New penalty rule in effect at CrossFit Connection

Well this looks interesting: starting next week CrossFit Connection in Burlington will be implementing a penalty rule for their WODs. This is being done in order to dissuade and correct poor form.

Each week the gym will designate a movement as the penalty move of the week. It might be push ups, sit ups, burpees, squats lunges, whatever.

For this to happen, a penalty will be imposed for not squatting below parallel, not hitting the 10 ft mark on the wall ball, not fully extending the overhead movements, not getting to the floor during push-ups, and so on.

During the WOD, participants will be given only one warning; on the second offense they must stop their workout and complete the penalty move before continuing on.

Wednesday, November 11, 2009

Now on Twitter

You can now follow my CrossFit progress on Twitter: @xfitchronicle.

Tuesday, November 10, 2009

Deads, jumps 'n run

  • RUN 200 m
  • 21 Deadlifts (225 lbs/ 155 lbs)
  • 21 Box Jumps
  • RUN 400 m
  • 15 Deadlifts
  • 15 Box Jumps
  • RUN 800 m
  • 9 Deadlifts
  • 9 Box Jumps
Time: 13:11

Monday, November 9, 2009

Monday madness

WOD: Six rounds of:
  • 10 x Thrusters
  • 10 x Push-press
  • 10 x Overhead squats
  • 25 double unders
Time was 37:11. My overhead squats were a disaster and I need to recapture some shoulder mobility to make it start working again.
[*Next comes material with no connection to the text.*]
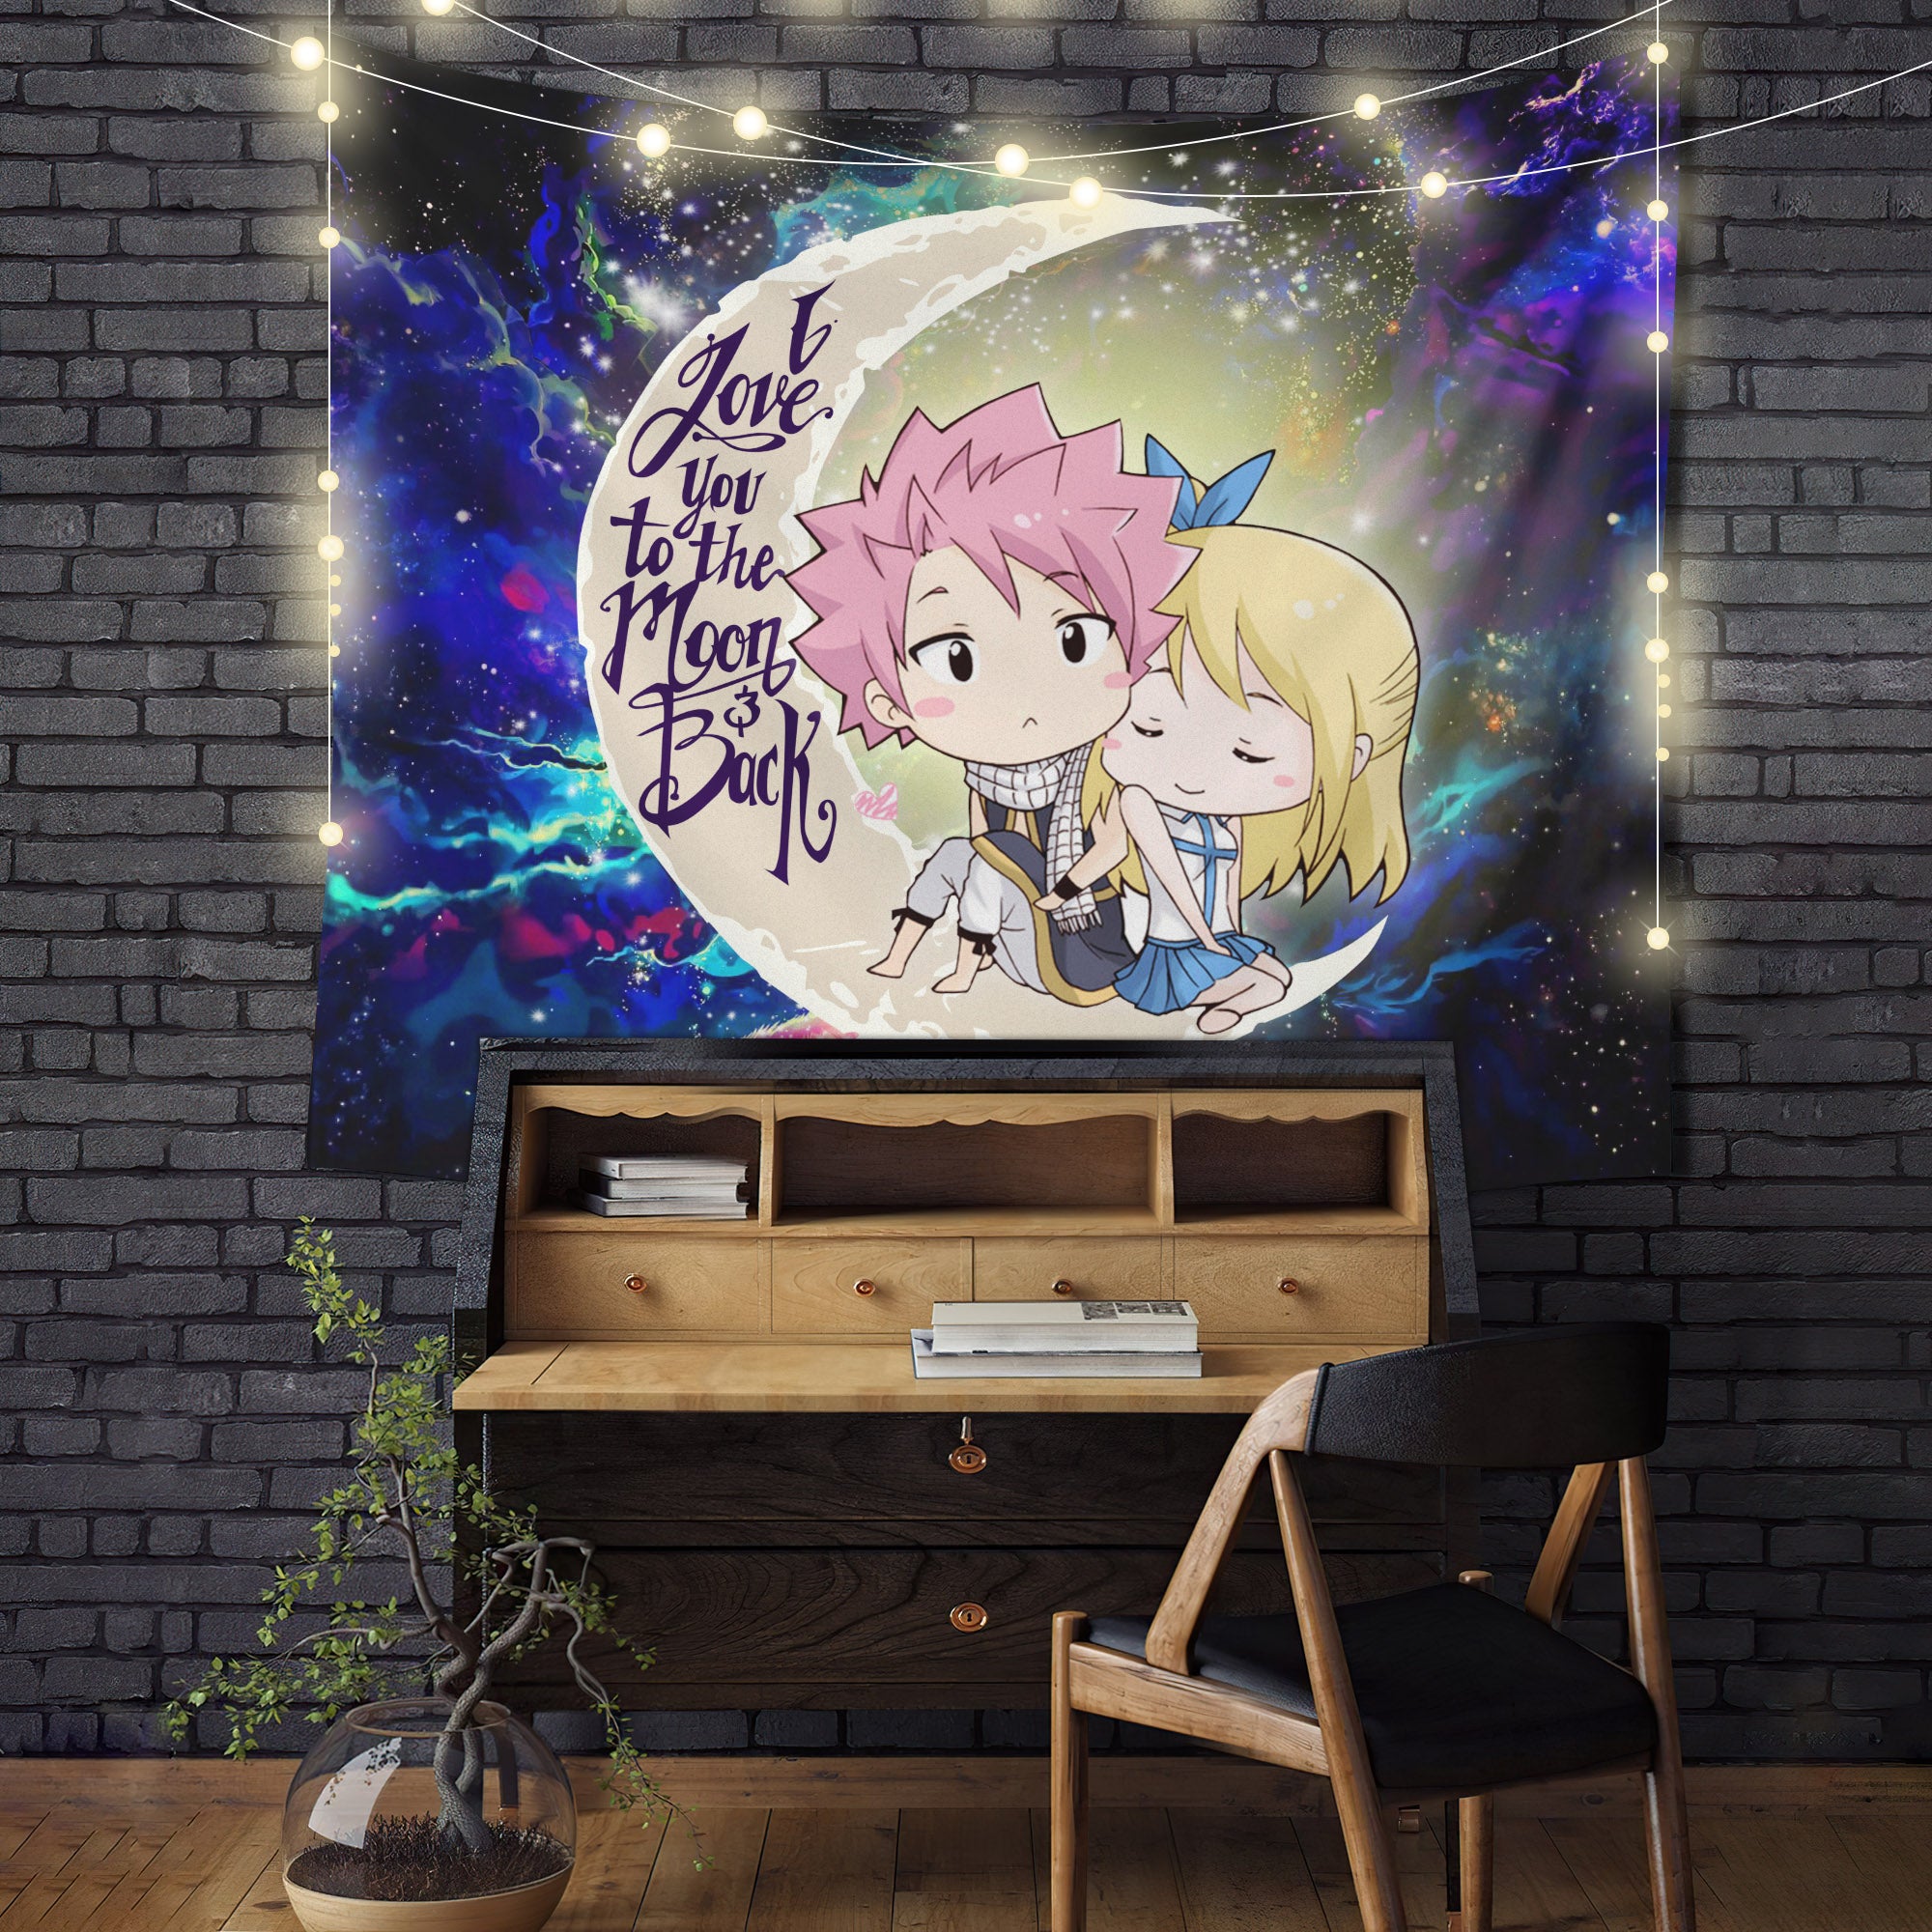 Natsu Fairy Tail Anime Moon And Back Galaxy Tapestry Room Decor
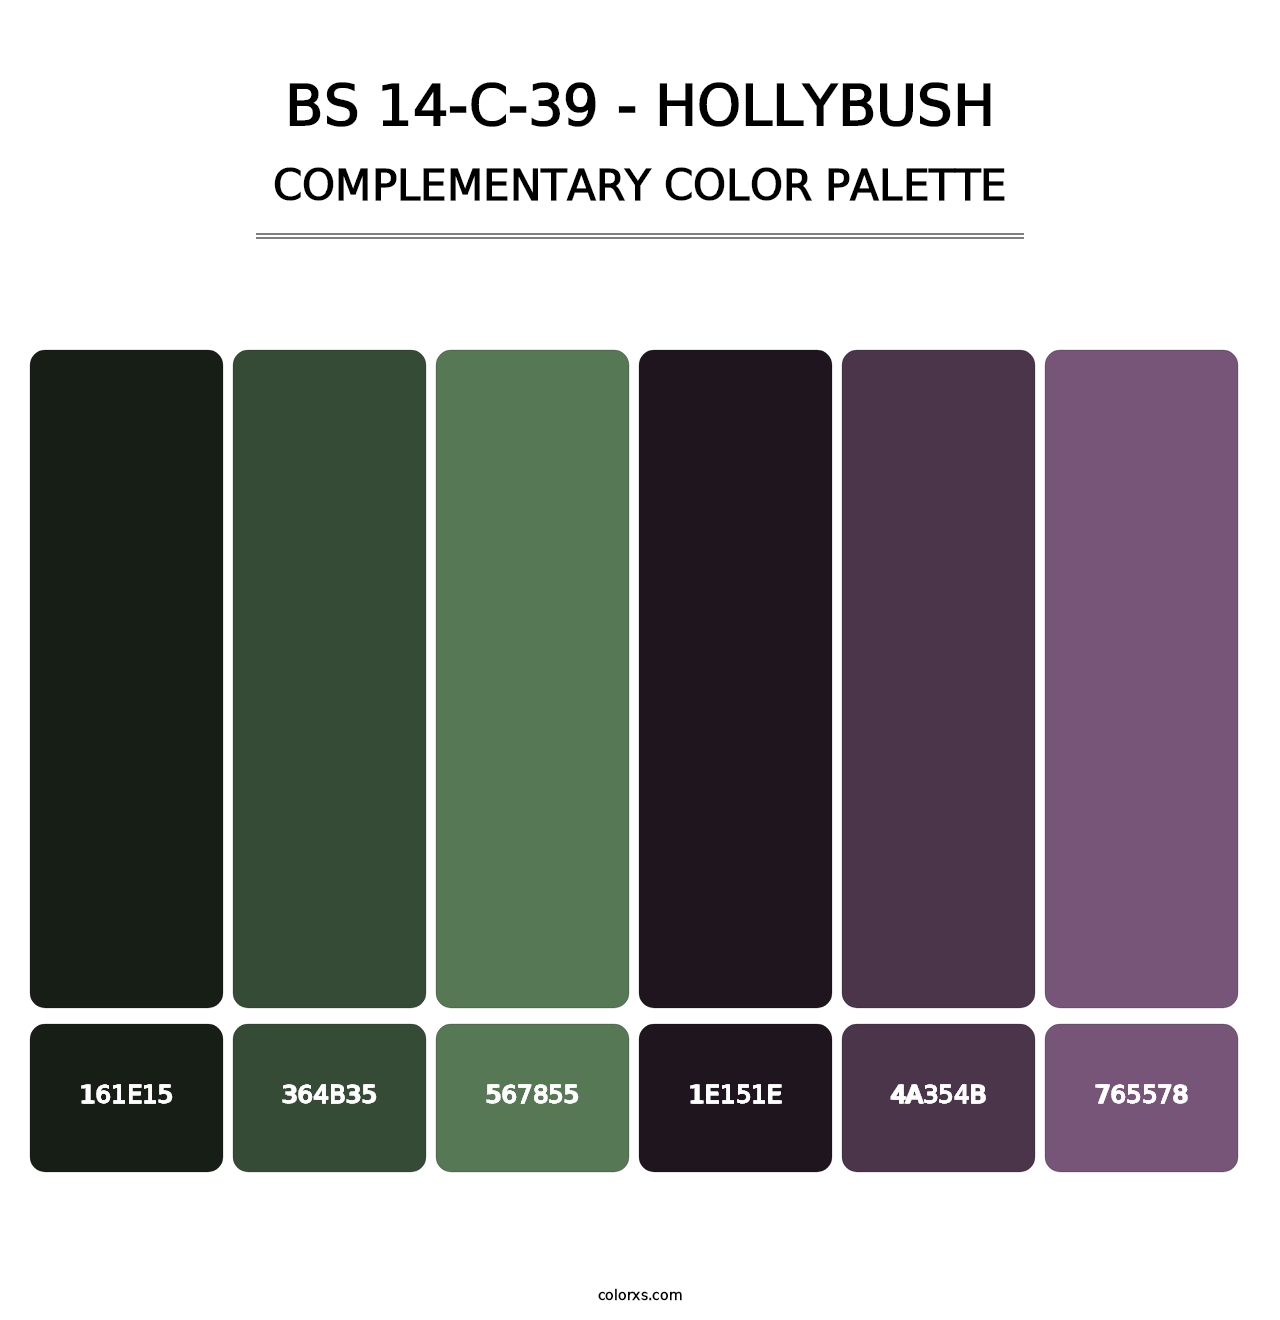 BS 14-C-39 - Hollybush - Complementary Color Palette

Saturday, November 7, 2009

5k row

Rowed 5k in 18:47 today, just 2 seconds off my PR. It's going to happen.

Friday, November 6, 2009

Hit it hard Friday

  • Box Jumps (24"/20")
  • KB Swings (24kg/16kg)
  • Sumo Deadlift HighPull (75 lbs/ 55 lbs)*
Reps of 21-15-9

*the weight on this one is light but the idea is power generated...moving a lighter weight faster can sometimes produce more power then moving a heavier weight at a slower speed.

Time = 6:45.

Thursday, November 5, 2009

Hopper deck Thursday

Randomly selected WOD:

  • Handstand Push ups
  • Ring Dips
  • Push Ups
Reps of 21-15-9.

I forget my time, but it doesn't matter cuz I didn't do so well...

Tuesday, November 3, 2009

Long and heavy

Today's WOD: 30 rounds of:
  • 3 x Deadlifts
  • 2 x Power cleans
  • 1 x Squat clean
  • 1 x Jerk
All that is considered one round.

Prescribed was 155lbs, but Jason had me do 135lbs. Took me 22:59 -- which I'm very proud of. Rock 'n roll!

Monday, November 2, 2009

Tabatas: Squats, SDHP, Wall-balls and Pull-ups

Today's WOD: Tabata: 20 seconds of work, 10 seconds of rest, 8 rounds each of:
  • Air squats
  • SDHP (95lbs)
  • Wall balls (20lbs)
  • Pull-ups
Did 124, 55, 77, and 40 respectively for a total of 296.